(8 years, 4 months ago)
Commons ChamberI rise to support the motion, and I do so joylessly and with a heavy heart. Nobody can stand in a missile compartment of a ballistic submarine without a sense of terrible awe; our warheads have the capacity to destroy 40 million people. I know that everyone in the Chamber feels that responsibility extremely acutely, and that certainly goes for my right hon. and hon. Friends on the Front Bench and their predecessors.
I spent much of my 20-year naval career at the tail end of the cold war. The cold war is over, however, and one can say it was won. The cold war did not become a real war, in part because of the terrible weapons that we are discussing this afternoon. We must not be preparing to fight the last war. Right hon. and hon. Members throughout the House are right to say that tomorrow’s wars are likely to be asymmetric wars, hybrid wars, wars involving terrorism, or conflicts involving climate change that, as we sit here, we really cannot fully understand. However, simply because those threats exist, that does not mean that nuclear blackmail does not and will not exist.

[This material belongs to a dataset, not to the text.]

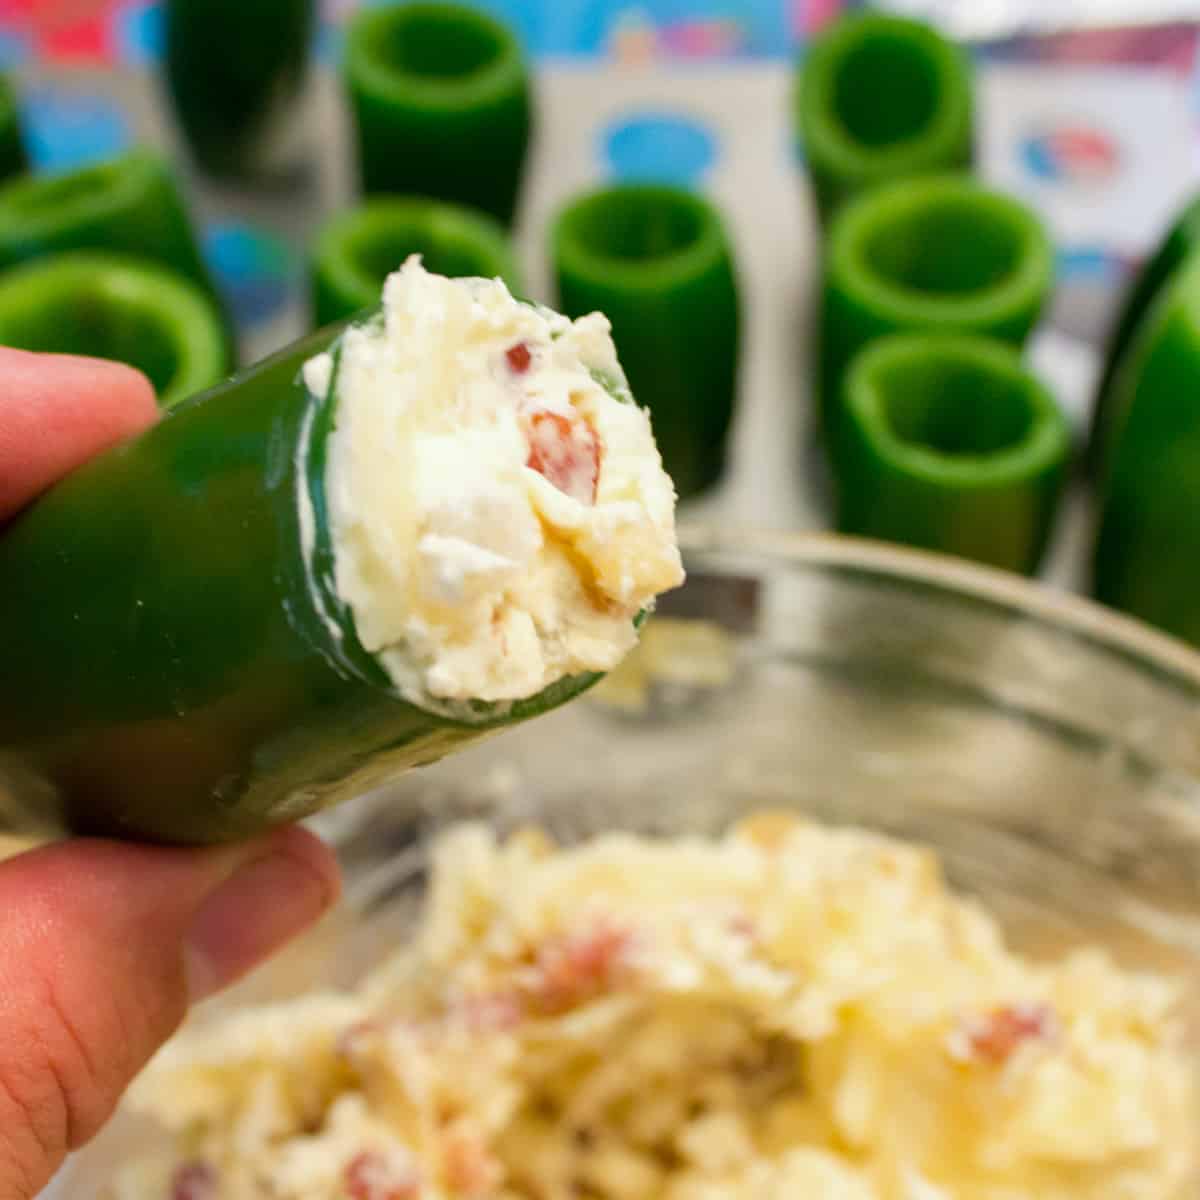 A cored jalapeño pepper being stuffed with a cream cheese and chorizo mixture.
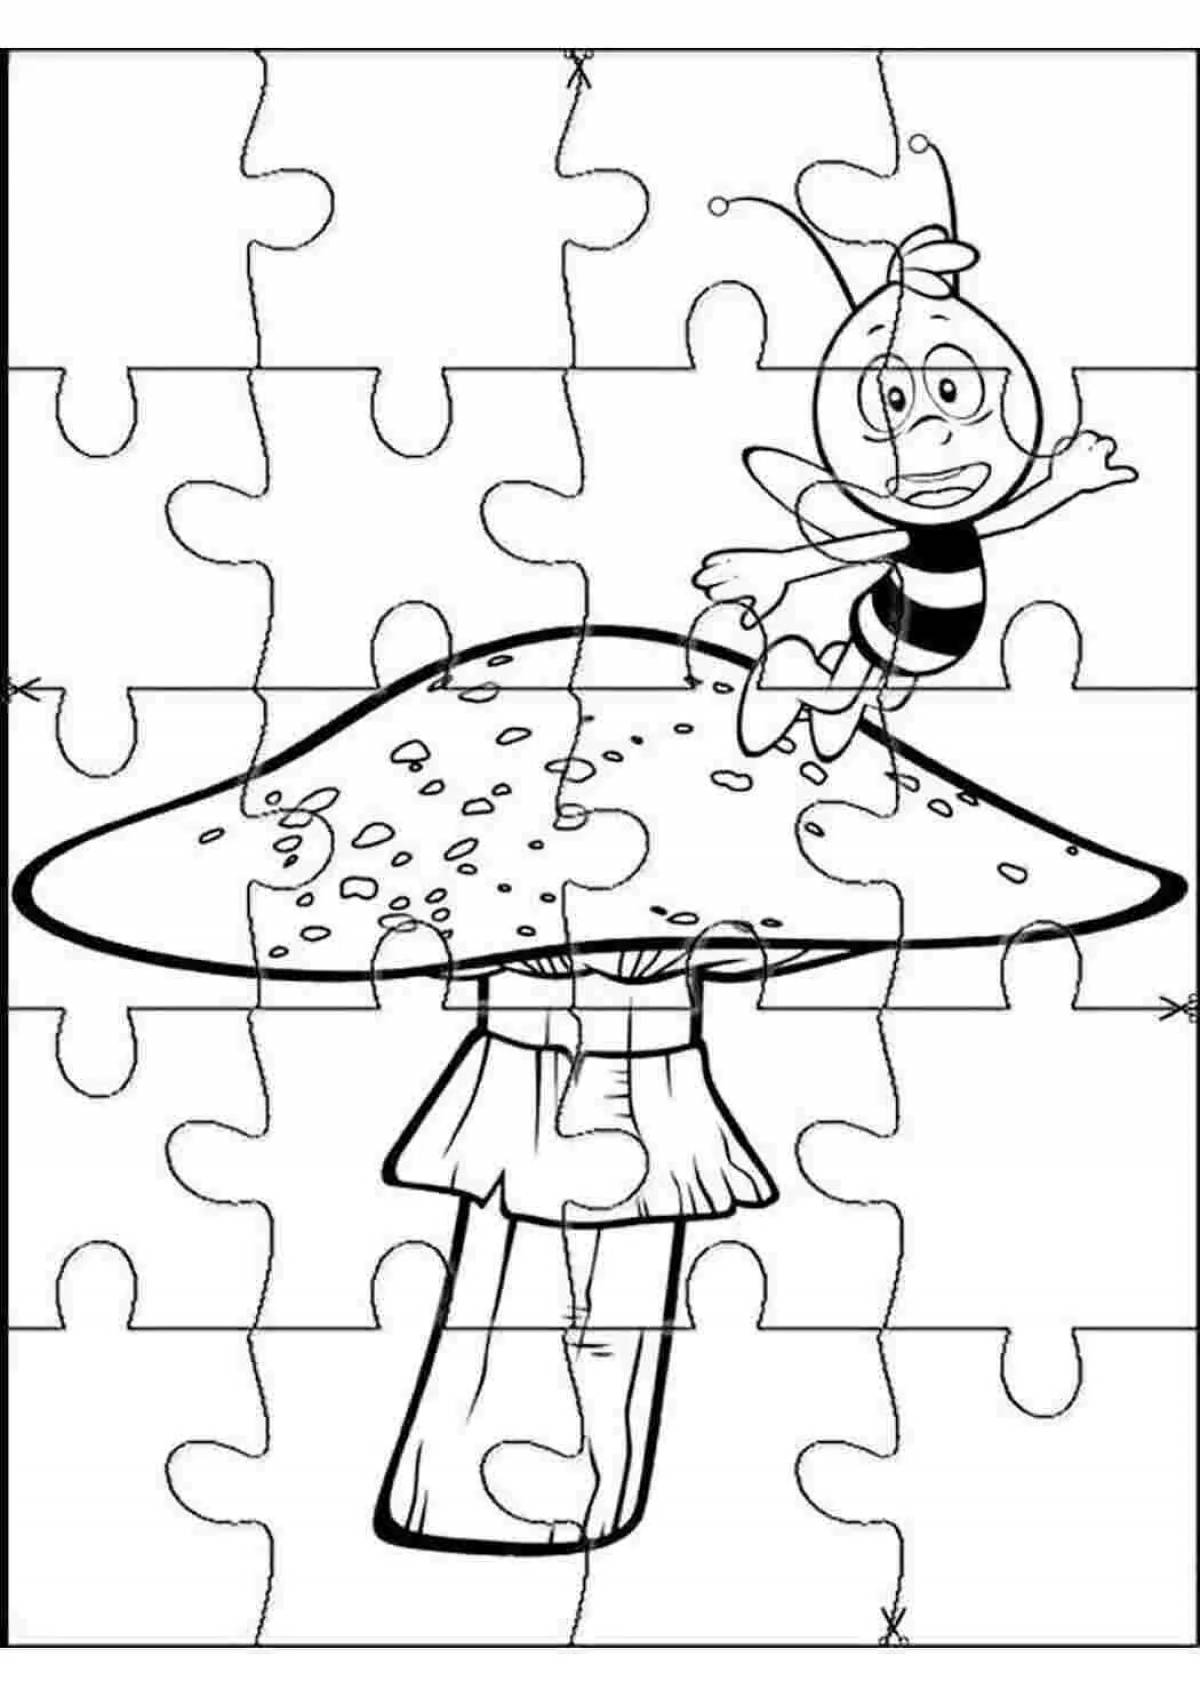 Invigorating coloring in games for children 5 years old puzzles

I fully accept that there are shades of grey in this debate. I absolutely reject the absolutist positions taken by some commentators, and I fully understand and respect arguments in relation to opportunity costs, but we have to make a decision now. We have been here several times before. In 2006, under the Labour party, we conducted what was appropriately called a deep dive. In 2013, very largely thanks to the Liberal Democrats—it pains me to say so, but it is nevertheless true—we undertook an alternatives review and dealt with many of the issues involved. I have no doubt that we will discuss this afternoon the alternatives considered at that time.
In the time available, I would like to speak briefly about the two propositions of redundancy and reputation. Those are respectable arguments that deserve to be dealt with properly.
Before my hon. Friend speaks about those two crucial points, does he agree that the speech we have just heard from the hon. Member for Chesterfield (Toby Perkins) was a most powerful argument, based on core beliefs that he has clearly thought about deeply and for a long time? It should be compelling for those of our constituents who are not clear about the party lines on this issue.
My hon. Friend is right, and the speech by the hon. Member for Barrow and Furness (John Woodcock) was also extremely powerful.
The redundancy proposition holds that advancing technology will make the continuous at-sea nuclear deterrent redundant. It is supposed—despite all evidence to the contrary—that unmanned underwater vessels will appear and render our oceans transparent, but that is pure supposition. We cannot approach our defence on the basis of what might happen in the future. History is usually a guide in these matters, and this year we mark the centenary of the introduction of tanks into the battle space. We could have said then, “We must not develop this technology because of the possibility of sticky bombs and tank traps”, but we did not.